If $T$ is a linear map then $\|T(x)\|<\infty$

Question

Let $T:V\to W$ be a linear map, $V, W$ be vector spaces over $\mathbb{R}$ or $\mathbb{C}$. Then if $T$ is continuous at $x_0\in V$ then $\nu:=\sup\{\|Tx\|:x\in V, \|x\|\leq 1\}<\infty$.

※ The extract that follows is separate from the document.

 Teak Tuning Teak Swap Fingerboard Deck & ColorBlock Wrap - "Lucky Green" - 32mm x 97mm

I'm stuck with the proof. First of all, if $T$ is continuous at $x_0$, this implies that $T$ is continuous on $V$, correct? Do I need to prove that? I can prove this for the case when $T$ is continuous at $0$, but I'm not sure how to prove for a general $x_0$. Also, can someone please give me a hint what I should pay my attention to in order to realize that $\nu<\infty$? In my understanding, $\nu$ is the maximum norm of $T(x)$.

Answer 1

By Martin's argument, $T$ is continuous at 0. Thus if $x_n \to x$, then $x - x_n \to 0$, so $T(x - x_n) \to T(0) = 0$, so $T(x) - T(x_n) \to 0$, which implies $T(x_n) \to T(x)$.

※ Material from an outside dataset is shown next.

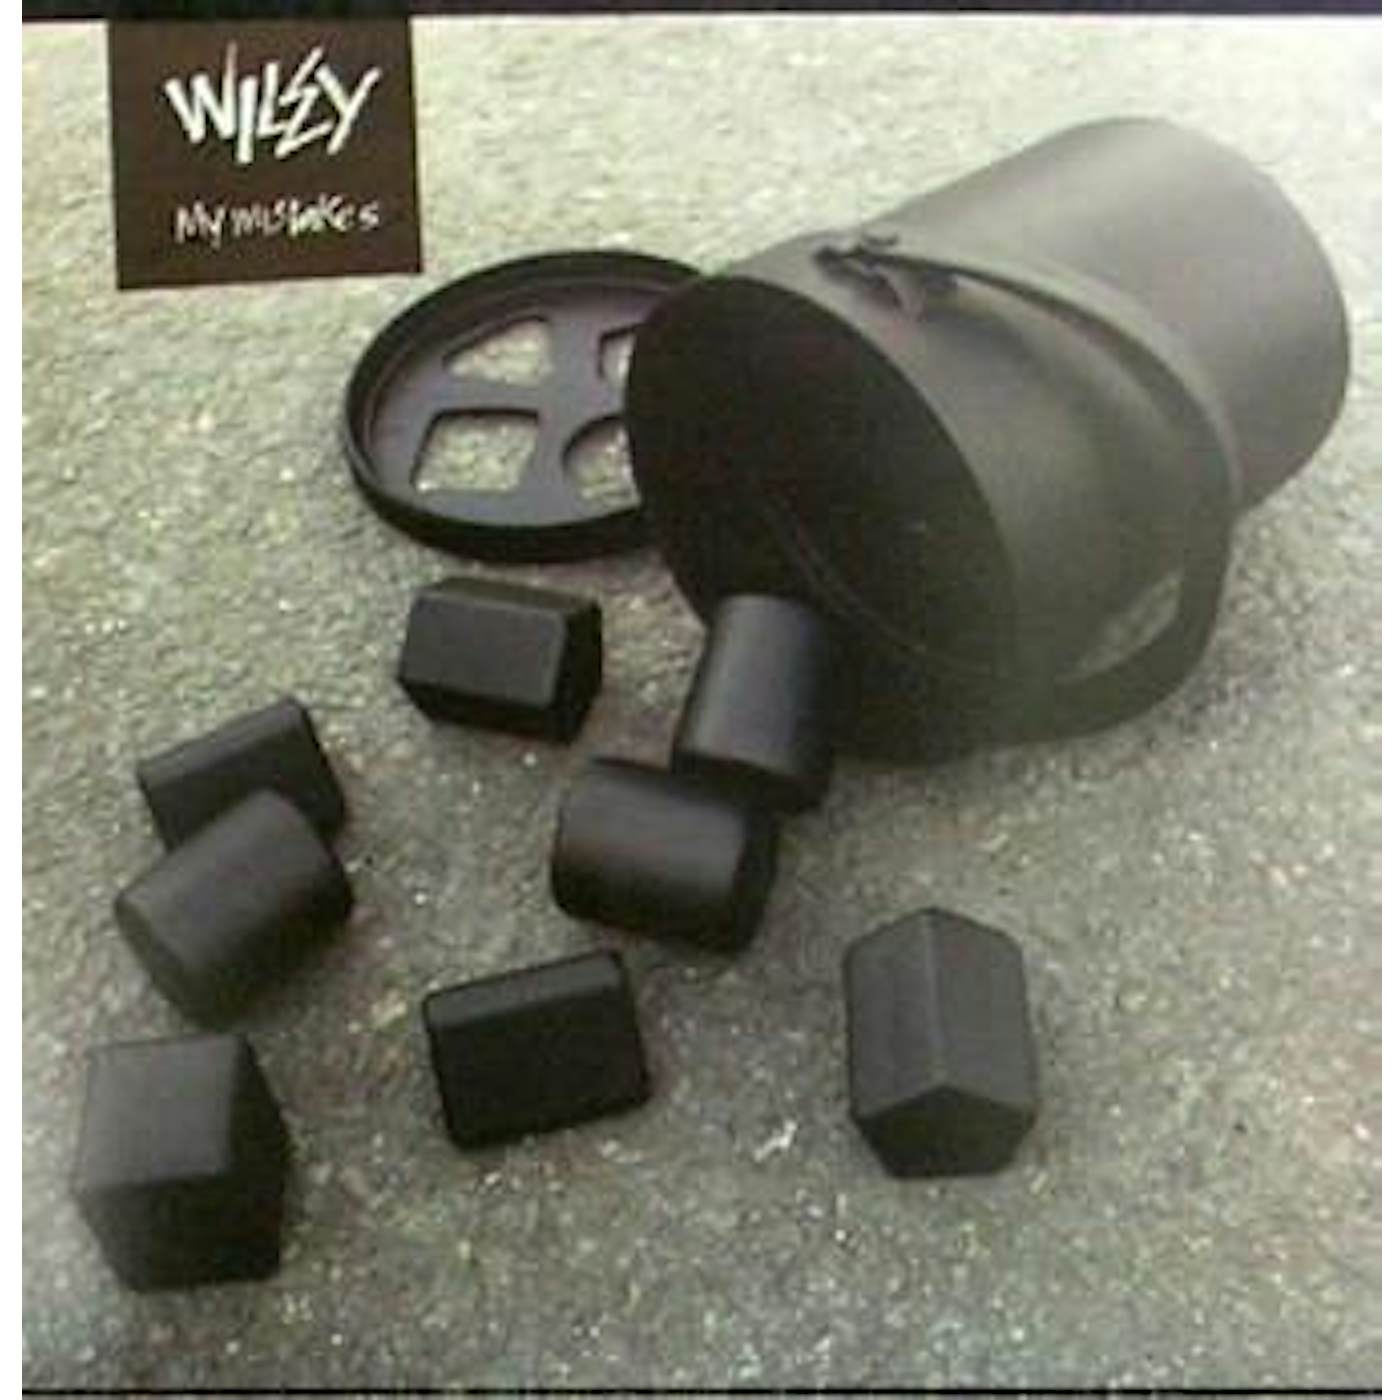 Wiley My Mistakes 12 Vinyl Record

To show boundedness in the operator norm $\nu$, suppose that $T$ is unbounded. Then there exists a sequence $\{x_n\}$ with $\|x_n\| = 1$, such that $\|T(x_n)\| \geq n$ for each $n$. Define \begin{align*} y_n \doteq \frac{x_n}{n} \end{align*} Then $\|y_n\| = 1/n \to 0$, so $y_n \to 0$, but \begin{align*} T(y_n) = \frac{1}{n}T(x_n) \Rightarrow \|T(y_n)\| = \frac{1}{n}\|T(x_n)\| \geq 1 \end{align*} for all $n$. But this is a contradiction since $T$ is continuous at $0$.

Answer 2

Assume that $T$ is continuous at $x_0$. If $x_n\to0$, then $x_n+x_0\to x_0$. By the continuity at $x_0$, $$ Tx_0+ Tx_n=T(x_0+x_n)\to Tx_0. $$ It follows that $Tx_n\to0$, so $T$ is continuous at $0$. We can use the same idea to deduce continuity at any other point.

Answer 3

Hint

Continuity at $x_0$ implies continuity at $0$. (Use linearity.)

Continuity at $0$ implies boundedness. (Use this to construct a bound for $\| Tv \|$.)